We told Hunk where Hadoop home and Java are. Hunk uses Hadoop streaming internally, so it needs to know how to call Java and Hadoop streaming. You can inspect the submitted jobs from Hunk (discussed later) and see the following lines:
```
/opt/hunk/bin/jars/sudobash /usr/bin/hadoop jar "/opt/hunk/bin/jars/SplunkMR-s6.0-hy2.0.jar" "com.splunk.mr.SplunkMR"
```
MapReduce JAR is submitted by Hunk. Also, we need to tell Hunk where the YARN Resource Manager and Scheduler are located. These services allow us to ask for cluster resources and run jobs.
Job queue could be useful in the production environment. You could have several queues for cluster resource distribution in real life. We would set queue name as default, since we are not discussing cluster utilization and load balancing.

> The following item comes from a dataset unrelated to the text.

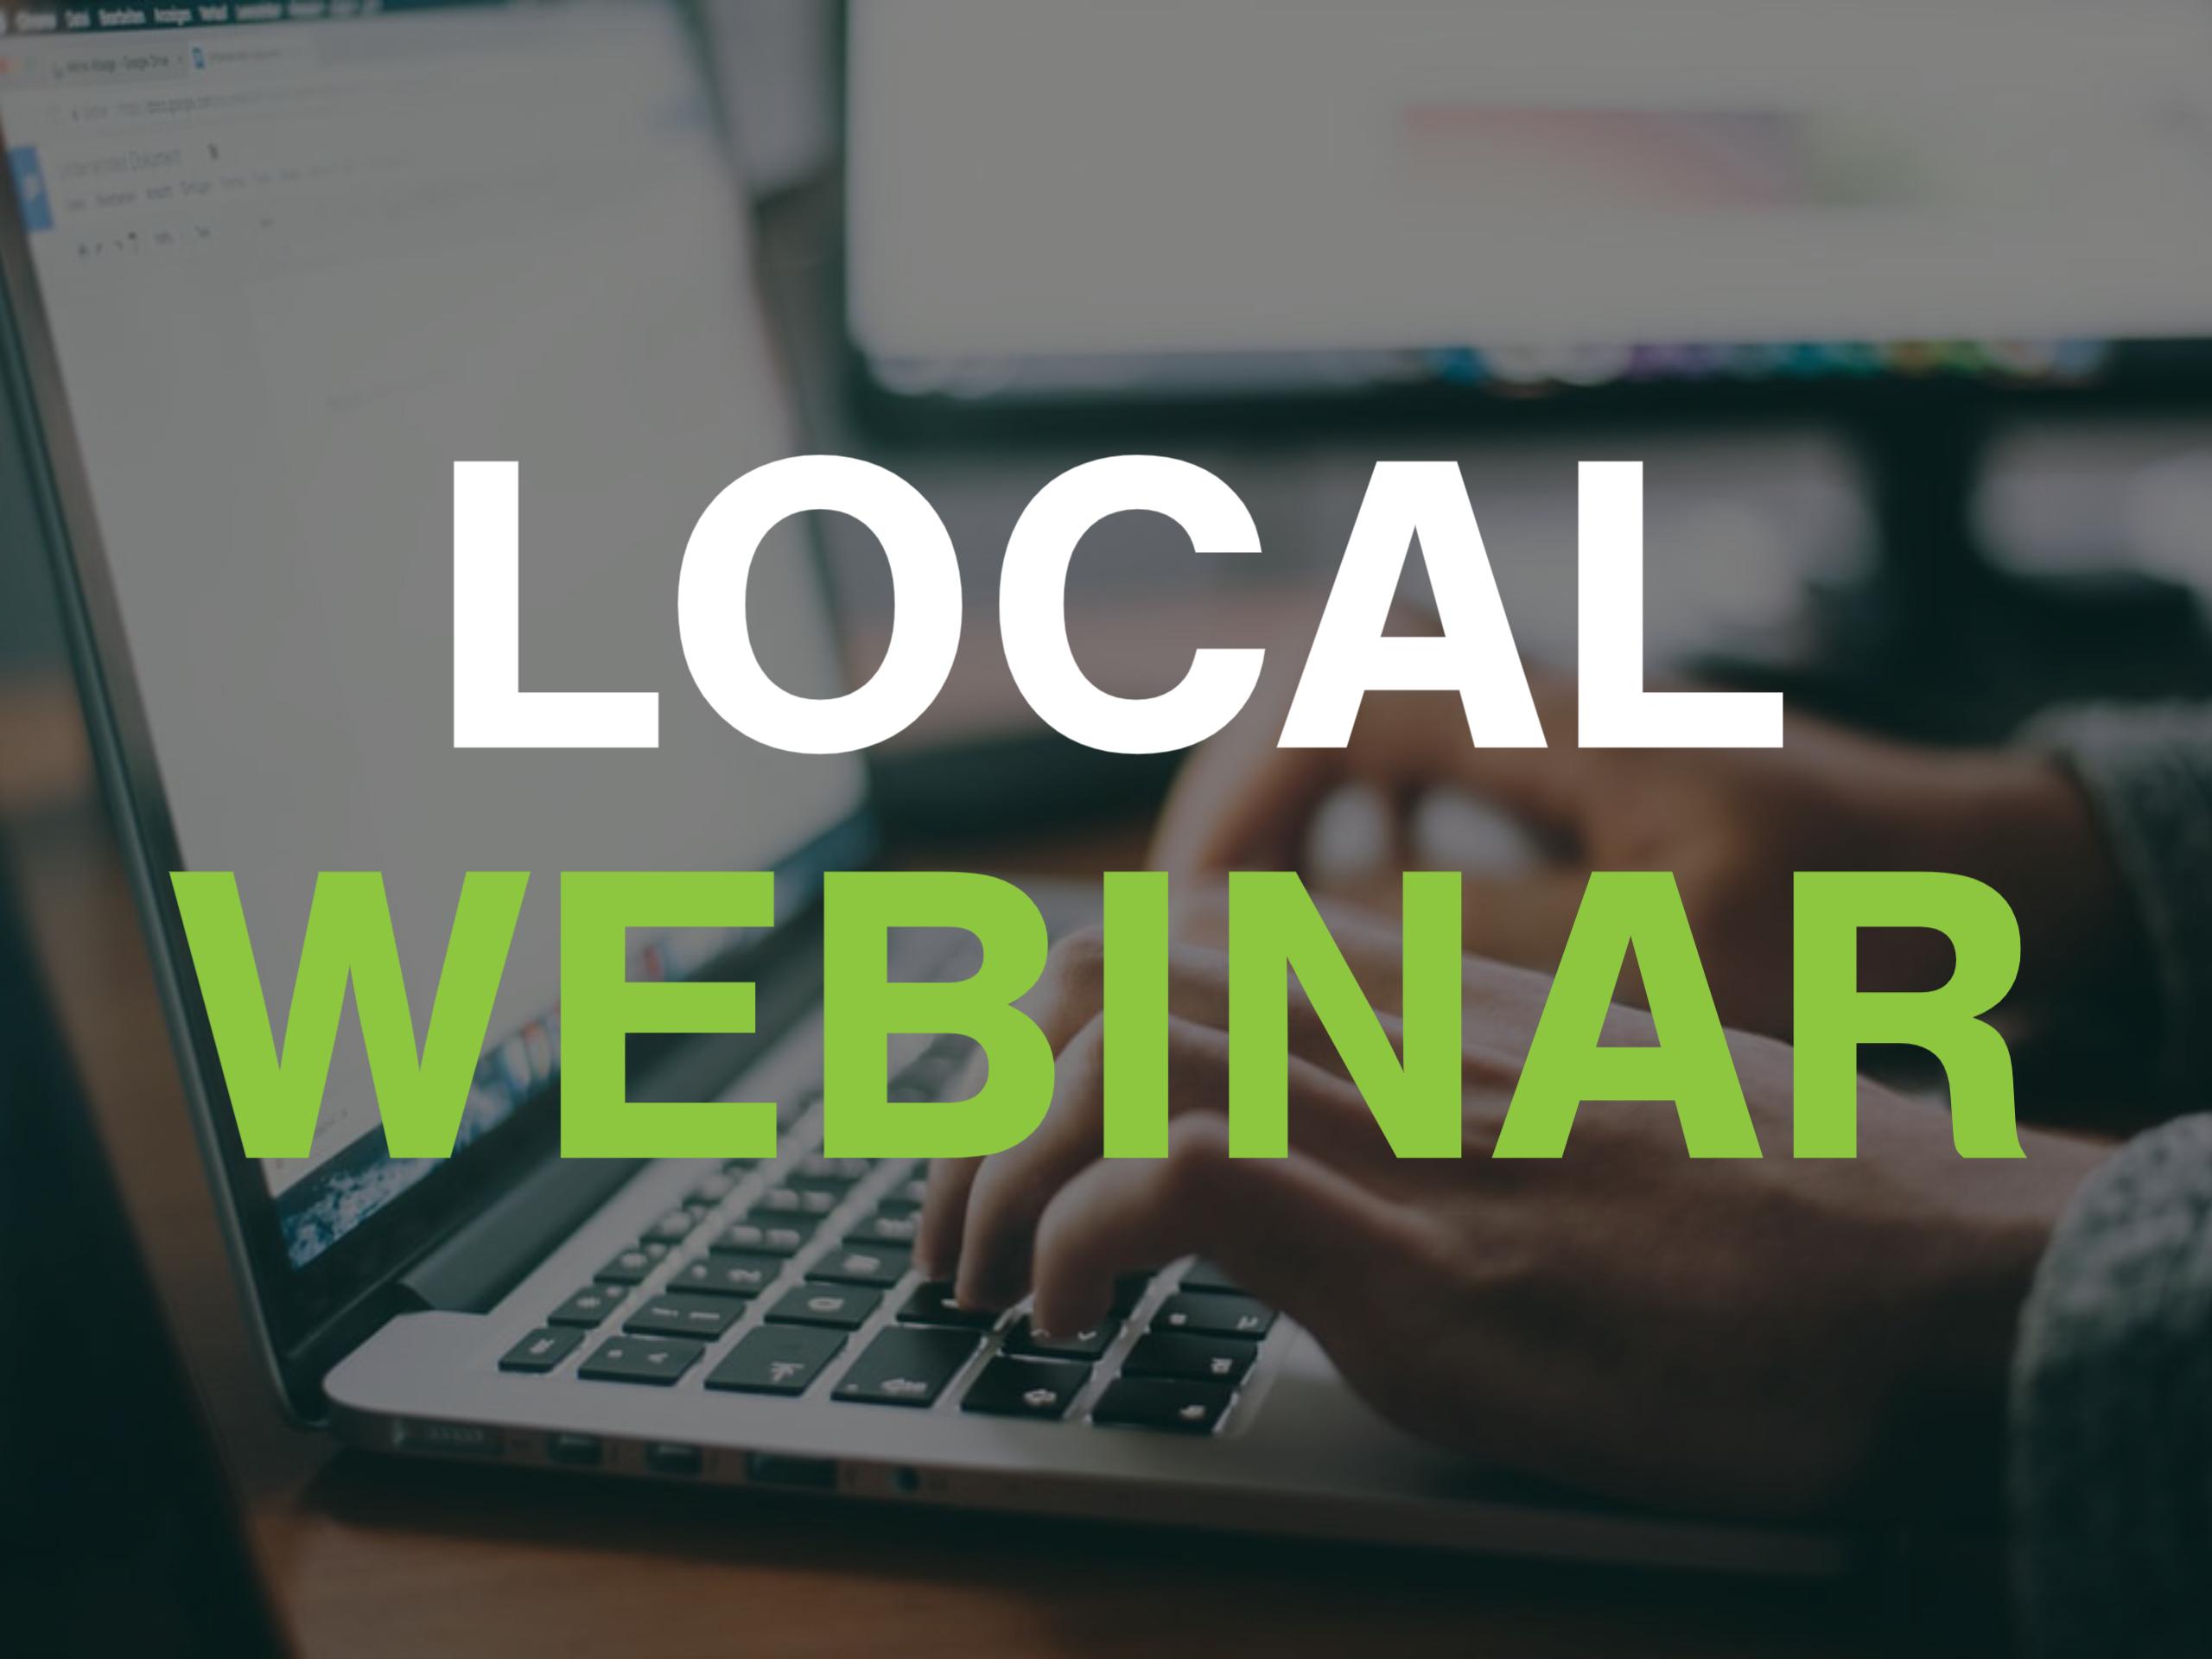 Icon - Local Webinar

Setting up a virtual index for the data stored in Hadoop

Now it’s time to create virtual index. We are going to add the dataset with the avro files to the virtual index as an example data.

Click on Explore Data and then click on Create a virtual index:
You’ll get a message telling that there are no indexes:
Just click on New Virtual Index.

A virtual index is a metadata. It tells Hunk where the data is located and what provider should be used to read the data.

Property name	Value
Name	milano_cdr_aggregated_10_min_activity
Path to data in HDFS	/masterdata/stream/milano_cdr

Here is an example screen you should see after you create your first virtual index:

Accessing data through the virtual index

To access data through the virtual index, perform the following steps:

Click on Explore Data and select a provider and virtual index:
Select part-m-00000.avro by clicking on it. The Next button will be activated after you pick up a file:
Preview data in the Preview Data tab.

You should see how Hunk automatically for timestamp from our CDR data:

Pay attention to the Time column and the field named Time_interval from the Event column. The time_interval column keeps the time of record. Hunk should automatically use that field as a time field:

Save the source type by clicking on Save As and then Next:
In the Entering Context Settings page, select search in the App context drop-down box.
Then, navigate to Sharing context | All apps and then click on Next.
The last step allows you to review what we’ve done:
Click on Finish to create the finalized wizard.

Creating a dashbord

Now it’s time to see how the dashboards work. Let’s find the regions where the visitors face problems (status = 500) while using our online store:

index="digital_analytics" status=500 | iplocation clientip | geostats latfield=lat longfield=lon count by Country

You should see the map and the portions of error for the countries:

Now let’s save it as dashboard. Click on Save as and select Dashboard panel from drop-down menu. Name it as Web Operations.

You should get a new dashboard with a single panel and our report on it. We have several previously created reports. Let’s add them to the newly created dashboard using separate panels:

Click on Edit and then Edit panels.
Select Add new panel and then New from report, and add one of our previous reports.

Summary

In this article, you learned how to extract Hunk to VM. We also saw how to set up Hunk variables and configuration files. You learned how to run Hunk and how to set up the data provided and a virtual index for the CDR data. Setting up a connection to Hadoop and a virtual index for the data stored in Hadoop were also covered in detail. Apart from these, you also learned how to create a dashboard.